King v. San Jose Keystone Mining Co.
THE COURT. Plaintiff and respondent recovered a judgment for a balance due for services performed for defendants and appellants herein, and the sole question raised on this appeal is as to the sufficiency of the evidence to support the findings.
Plaintiff alleged that ‘ ‘ commencing on the 6th day of May, 1936, and continuing to and including the 24th day of January, 1938, in the County of Placer, State of California, at the special instance and request of the defendants San Jose Keystone Mining Company, H. Bert Walton and C. B. Wooster, and each of them, and upon the promise of the said last-named defendants, as hereinafter set forth, the plaintiff performed work and labor for the defendants in and about that certain mining property known as the San Jose Keystone Mine, which said work consisted of surveying above and underground, drawing plans and working maps of said mine, and the real property upon which it is situate, drawing plans for compressor house and ore bin, felling trees, installing air and water pipeline, installing electric motors, telephone system and wire lines, buying supplies, and like services required in the preparation of said property for mining-operations and the commencement of mining operations; that all of said work and labor was done and performed on said San Jose Keystone Mining property.” It was further alleged that defendants promised, at the time of the commencement of the work, to pay therefor at the rate of $180 a month, and that after allowing deductions for time off, plaintiff was entitled to compensation for worldng eighteen months and nine days. Plaintiff admitted receipt of $250 in cash, stock worth $250, and board and lodging- valued at $120.

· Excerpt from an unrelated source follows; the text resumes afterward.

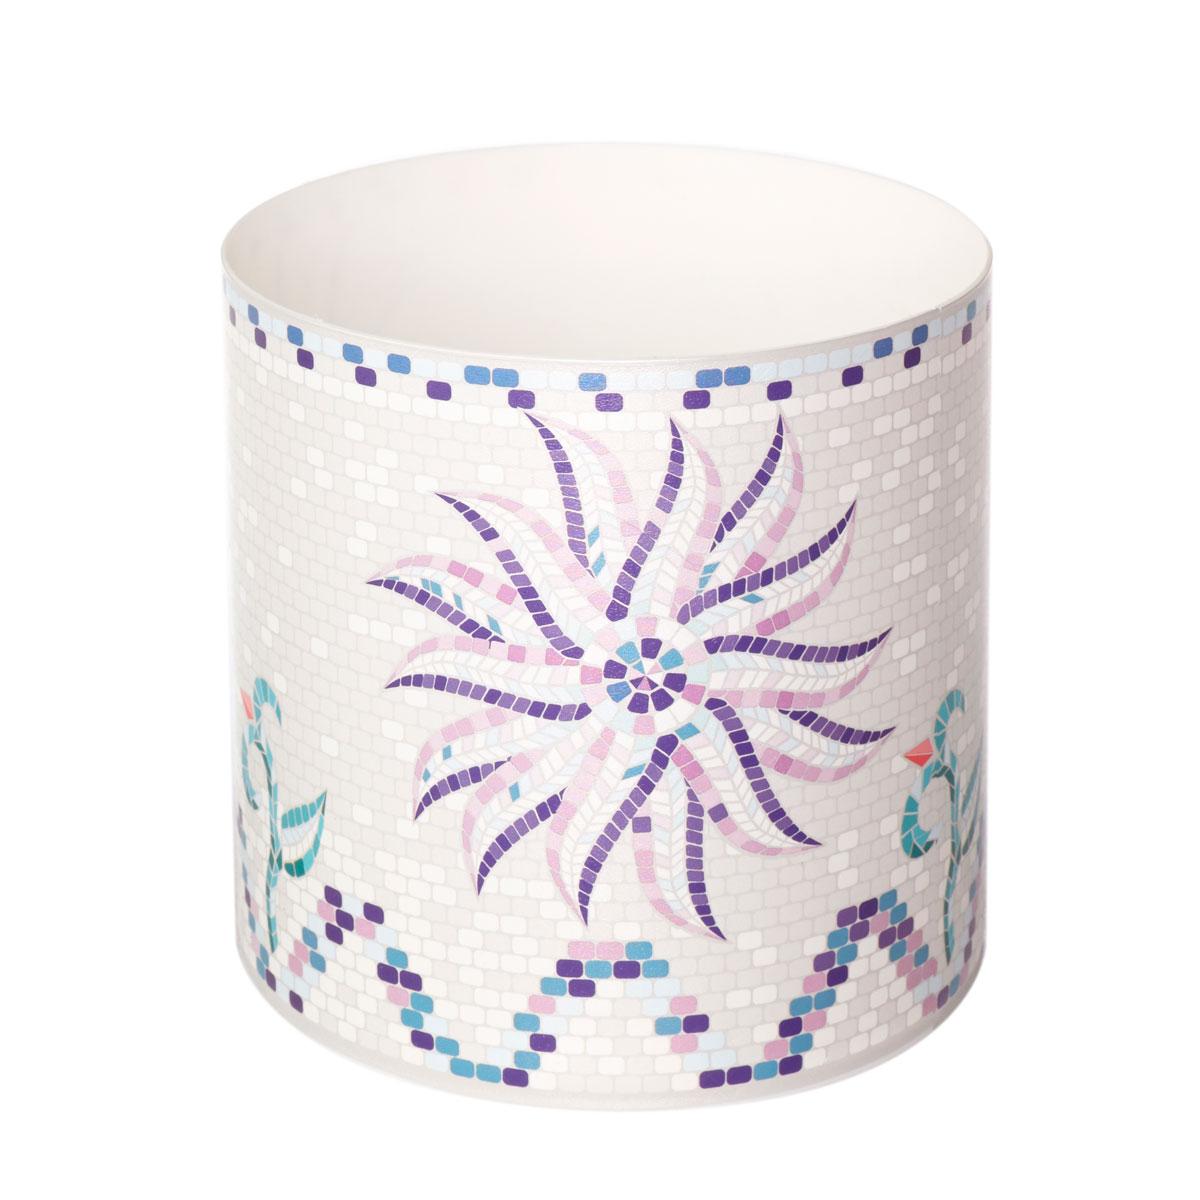 Горшок для цветов Miolla Мозаика белая, со скрытым поддоном, 1,7 лSMG-20Горшок для цветов Miolla Мозаика белая со скрытым поддоном выполнен из пластика и декорирован красочным рисунком.Диаметр горшка: 13,5 см.Высота горшка (с учетом поддона): 13,5 см.Объем горшка: 1,7 л.

Defendant denied the existence of an agreement to pay plaintiff a fixed salary; admitted that plaintiff worked on the mine but alleged that he had been paid in full. A counterclaim for $149.50 for the use of a tractor was set up and allowed by the court.
The court found that all the facts alleged in the complaint were true, except that the work was not done at the special instance and request of H. Bert Walton and C. B. Wooster, individually. Judgment was given for $1,063.
We have, then, the simple question: How much, if anything, was plaintiff entitled to recover for the services rendered ?
[42]Considering the total credits admitted by plaintiff, the amount of the judgment and the counterclaim allowed, and the finding that plaintiff was entitled to compensation at the rate of $180 a month, it appears that the court determined the total value of the services rendered to be $1,840.50. To have earned this amount, at the foregoing rate, plaintiff must have worked a little more than ten months and six days.